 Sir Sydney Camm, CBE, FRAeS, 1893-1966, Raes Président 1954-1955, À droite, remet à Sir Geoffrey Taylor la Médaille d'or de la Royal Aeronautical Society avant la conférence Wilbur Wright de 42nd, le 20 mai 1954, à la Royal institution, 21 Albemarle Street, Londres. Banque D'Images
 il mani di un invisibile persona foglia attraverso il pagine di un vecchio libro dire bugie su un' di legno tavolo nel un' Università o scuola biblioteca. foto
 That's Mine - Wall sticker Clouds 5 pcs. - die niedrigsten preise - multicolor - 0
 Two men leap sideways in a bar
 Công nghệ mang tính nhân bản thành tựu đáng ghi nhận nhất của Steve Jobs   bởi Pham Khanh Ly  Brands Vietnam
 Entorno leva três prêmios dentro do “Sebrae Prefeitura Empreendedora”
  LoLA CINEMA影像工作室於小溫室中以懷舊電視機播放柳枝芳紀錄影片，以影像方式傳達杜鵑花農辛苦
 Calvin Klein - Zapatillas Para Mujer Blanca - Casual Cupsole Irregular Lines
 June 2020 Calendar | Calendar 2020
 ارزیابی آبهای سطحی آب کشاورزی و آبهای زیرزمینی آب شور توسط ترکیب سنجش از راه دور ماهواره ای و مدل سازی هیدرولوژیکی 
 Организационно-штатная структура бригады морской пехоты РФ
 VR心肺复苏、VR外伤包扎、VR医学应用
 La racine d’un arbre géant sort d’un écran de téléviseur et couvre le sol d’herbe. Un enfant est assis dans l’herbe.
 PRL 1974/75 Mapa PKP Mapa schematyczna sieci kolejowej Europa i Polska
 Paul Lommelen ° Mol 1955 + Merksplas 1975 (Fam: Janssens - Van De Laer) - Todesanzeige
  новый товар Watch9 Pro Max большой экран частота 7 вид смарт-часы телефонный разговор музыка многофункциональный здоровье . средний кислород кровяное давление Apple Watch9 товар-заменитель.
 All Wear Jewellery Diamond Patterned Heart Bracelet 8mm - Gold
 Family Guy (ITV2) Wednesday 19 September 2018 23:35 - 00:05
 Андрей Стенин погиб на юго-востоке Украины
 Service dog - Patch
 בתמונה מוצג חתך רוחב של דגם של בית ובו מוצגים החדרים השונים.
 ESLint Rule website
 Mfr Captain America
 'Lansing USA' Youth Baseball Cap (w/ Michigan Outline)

------------

Exercise requirements: All lines above from the one with "ارزیابی آبهای سطحی" to the one with "La racine d’un", inclusive, should be copied exactly, and no other lines.

Response to the exercise:
 ارزیابی آبهای سطحی آب کشاورزی و آبهای زیرزمینی آب شور توسط ترکیب سنجش از راه دور ماهواره ای و مدل سازی هیدرولوژیکی 
 Организационно-штатная структура бригады морской пехоты РФ
 VR心肺复苏、VR外伤包扎、VR医学应用
 La racine d’un arbre géant sort d’un écran de téléviseur et couvre le sol d’herbe. Un enfant est assis dans l’herbe.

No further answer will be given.